▶ [Problem details]: Pictures aside, repeat the whole listing word for word.

▶ [Available data]:
◆ ◆ ◆ ◆ ◆ ◆ ◆

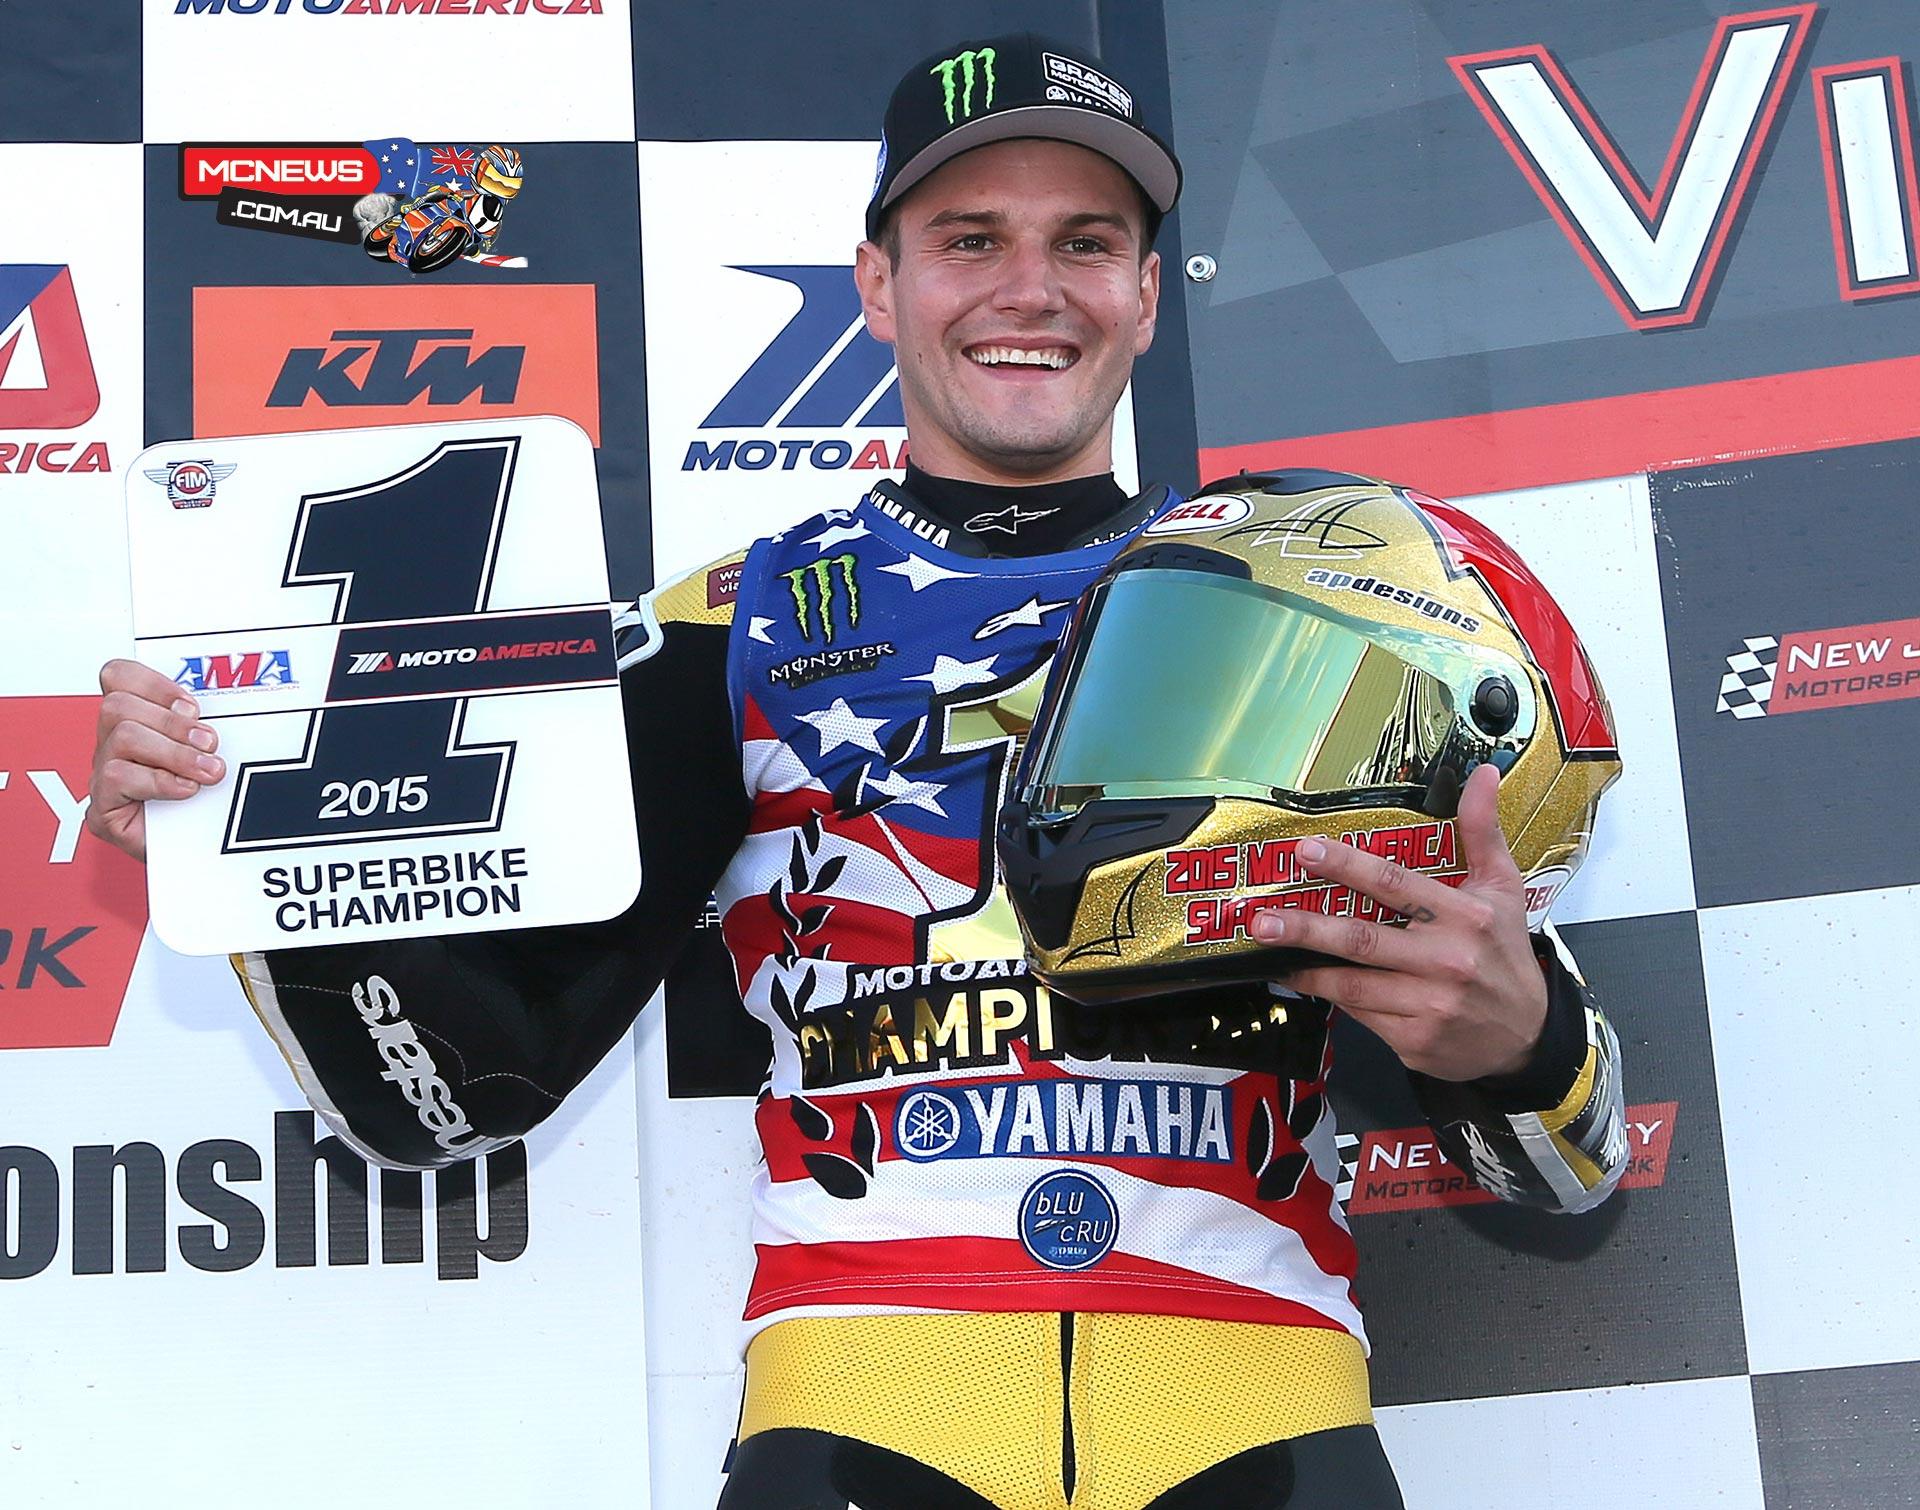 Cameron Beaubier won the 2015 MotoAmerica Superbike Championship on Sunday at New Jersey Motorsports Park. Photography by Brian J. Nelson.
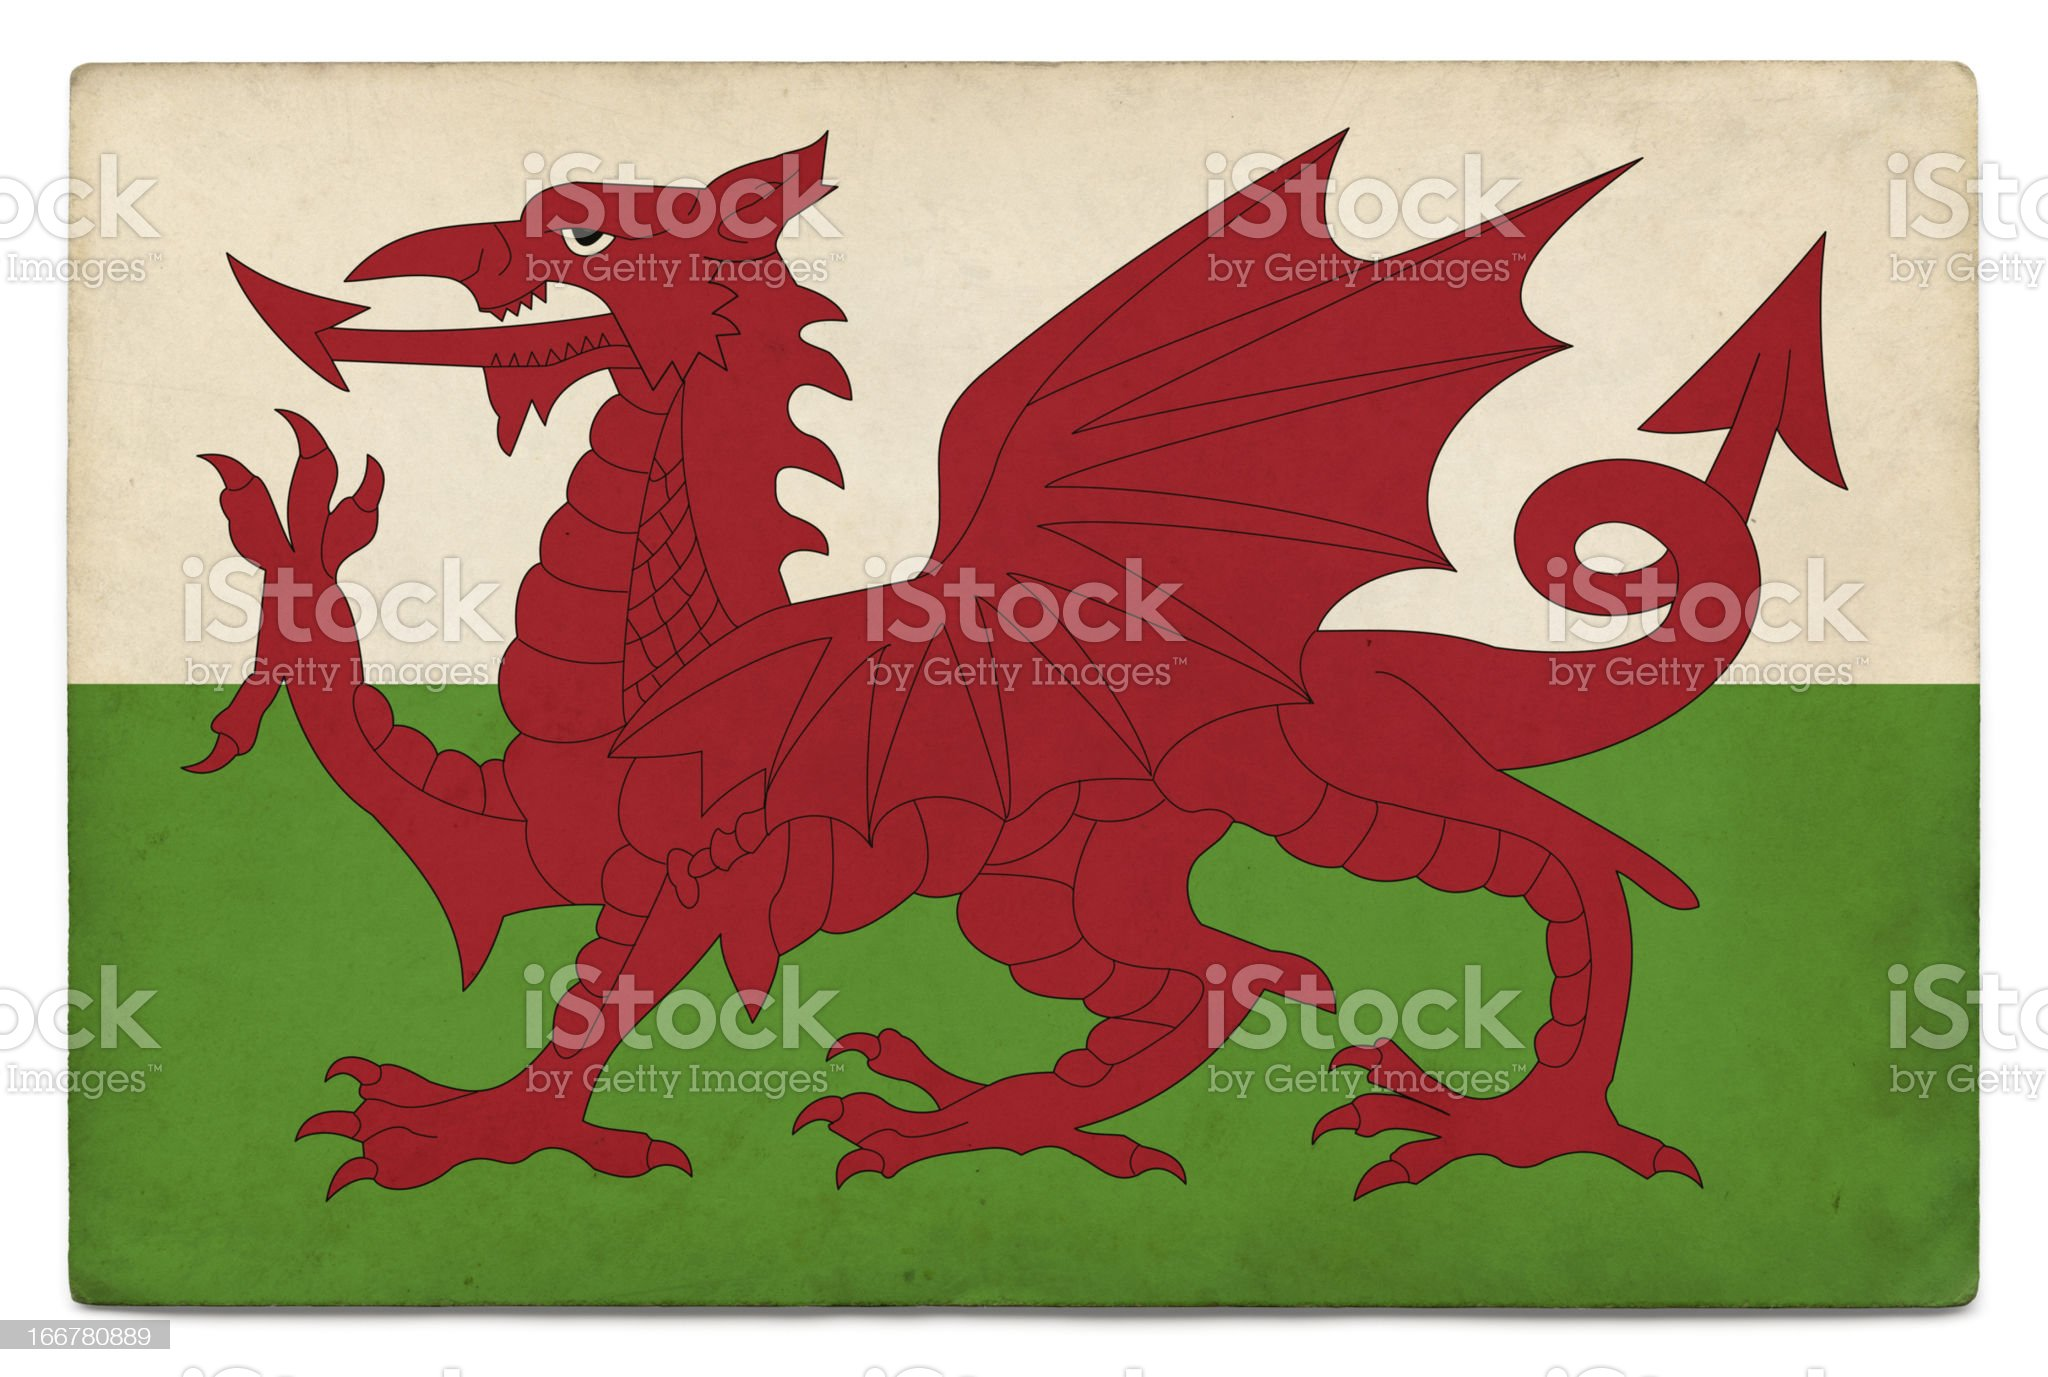 Grunge flag of Wales on white royalty-free stock photo
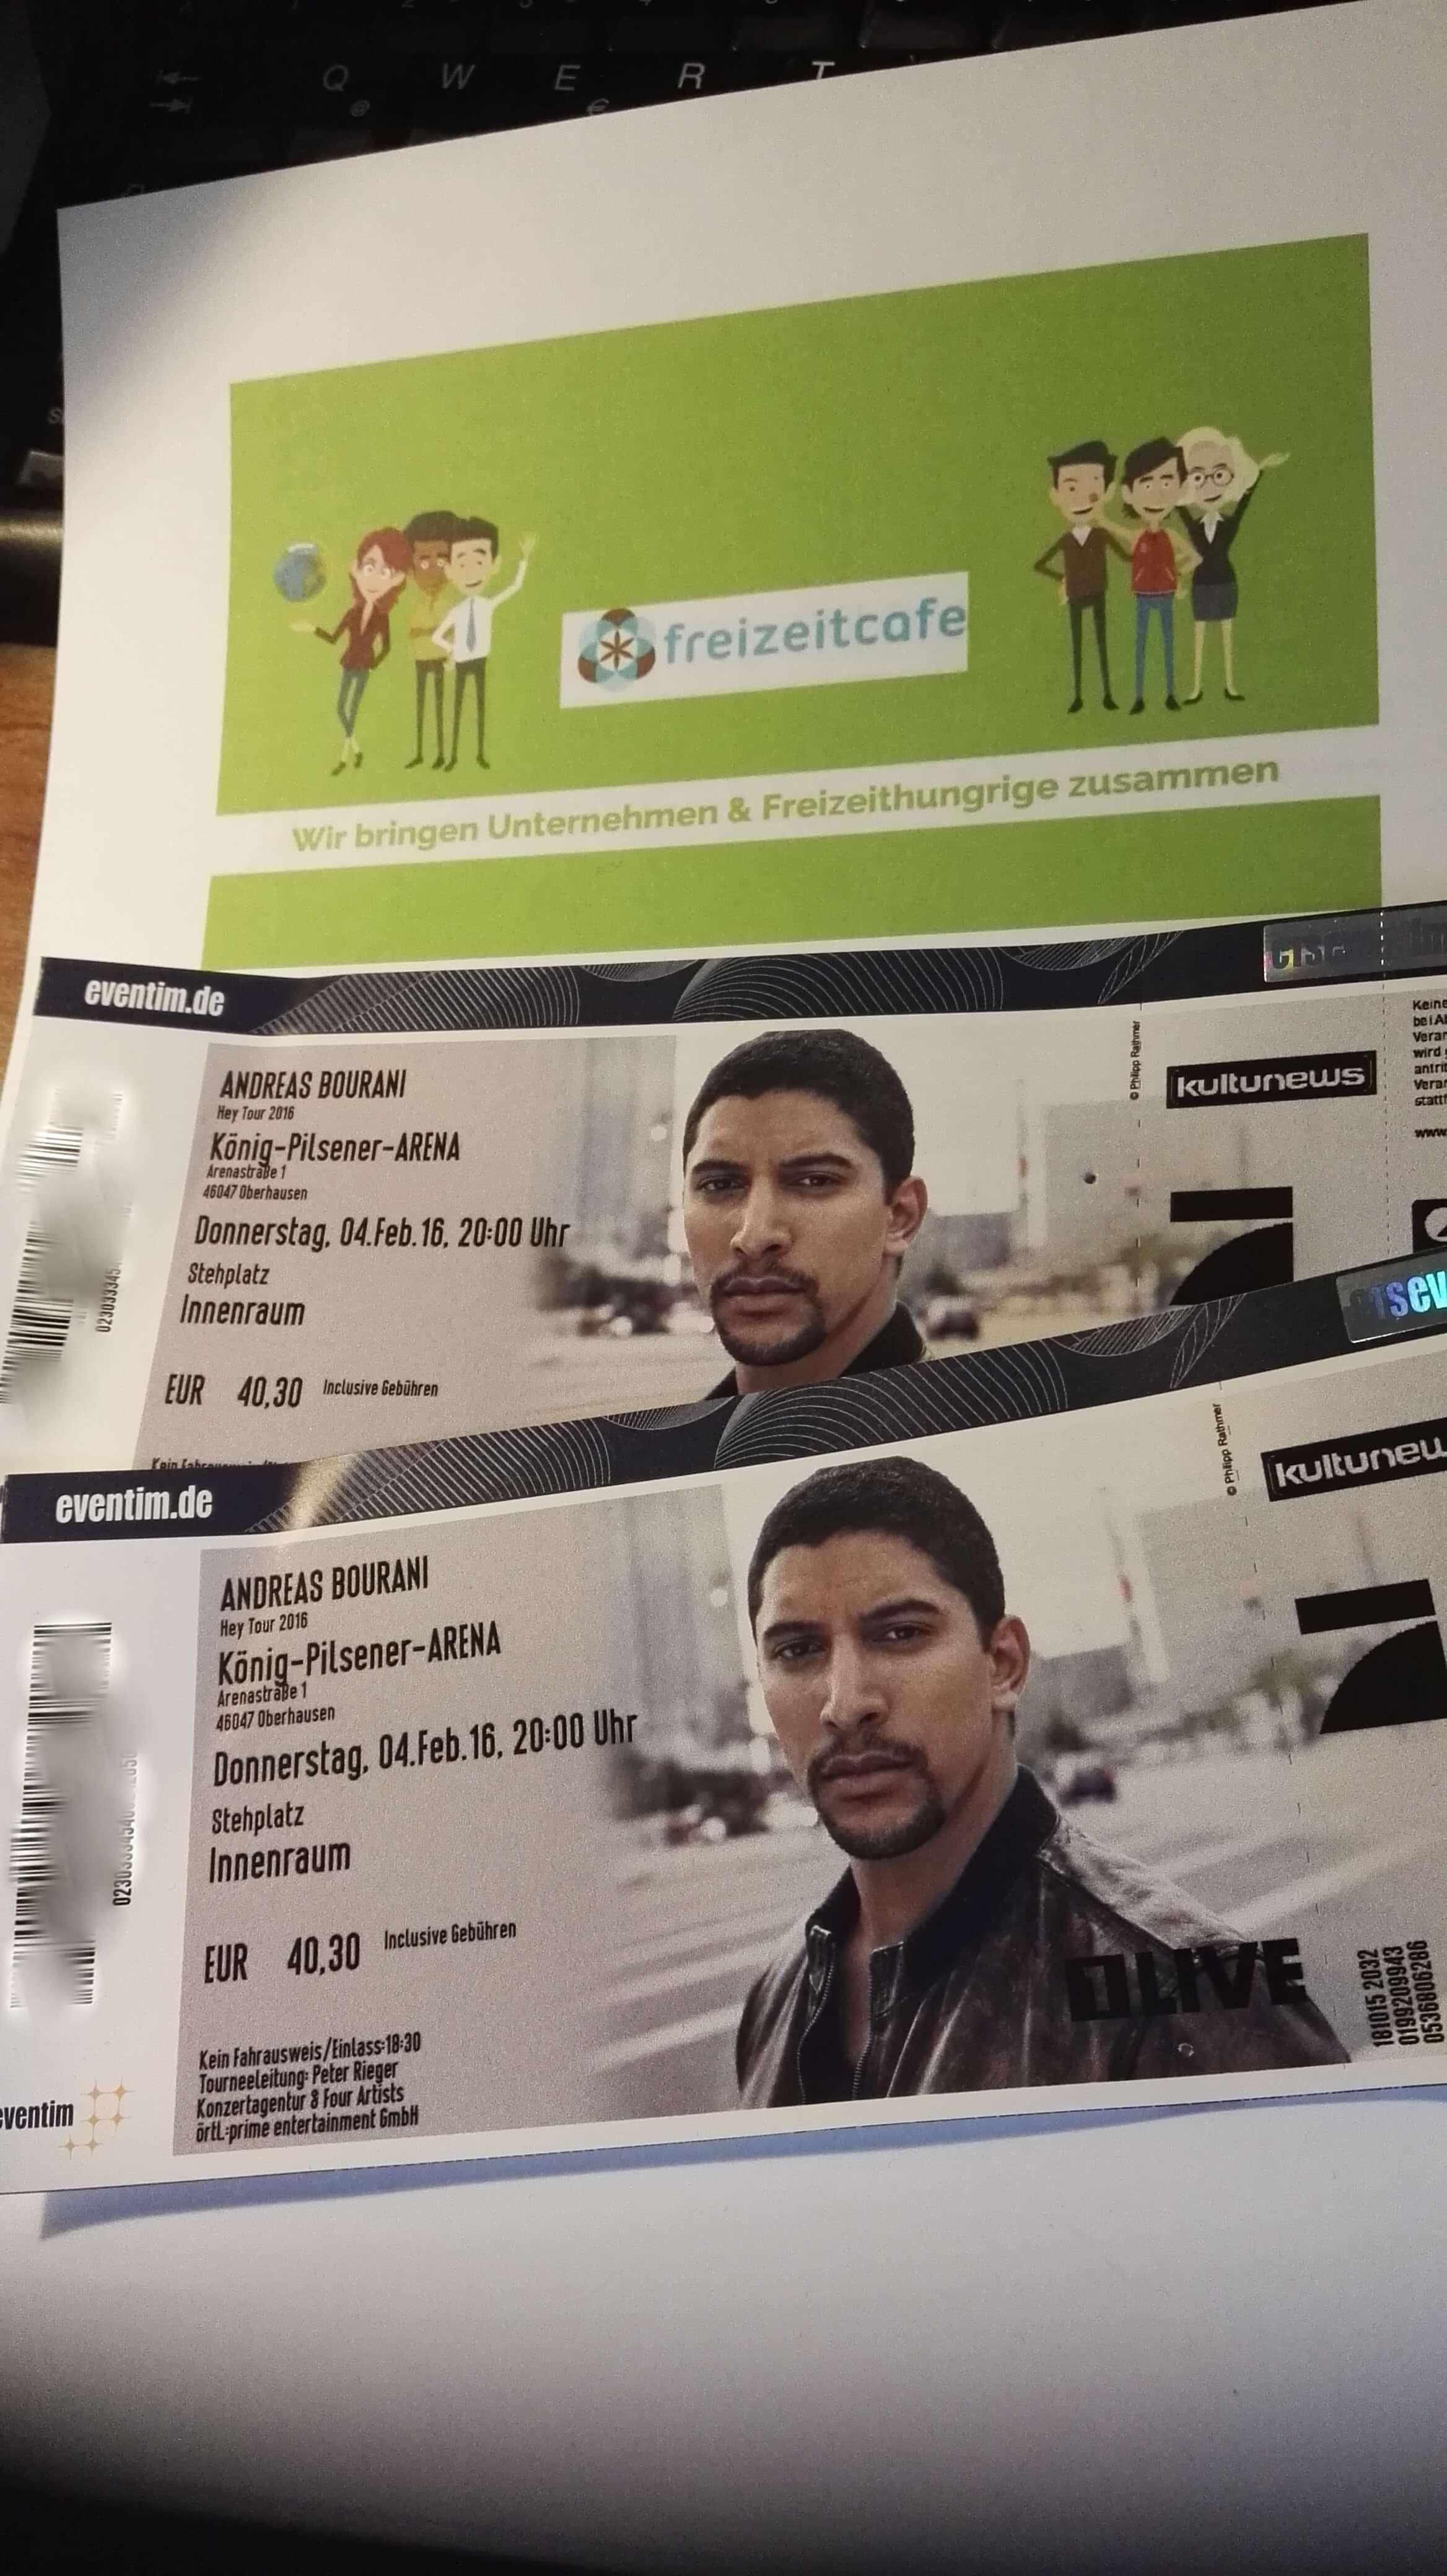 2x Andreas Bourani Tickets 20h Oberhausen zu verlosen!

◆ ◆ ◆ ◆ ◆ ◆ ◆

▶ [Output of the exercise]:
 Cameron Beaubier won the 2015 MotoAmerica Superbike Championship on Sunday at New Jersey Motorsports Park. Photography by Brian J. Nelson.
 Grunge flag of Wales on white royalty-free stock photo
 2x Andreas Bourani Tickets 20h Oberhausen zu verlosen!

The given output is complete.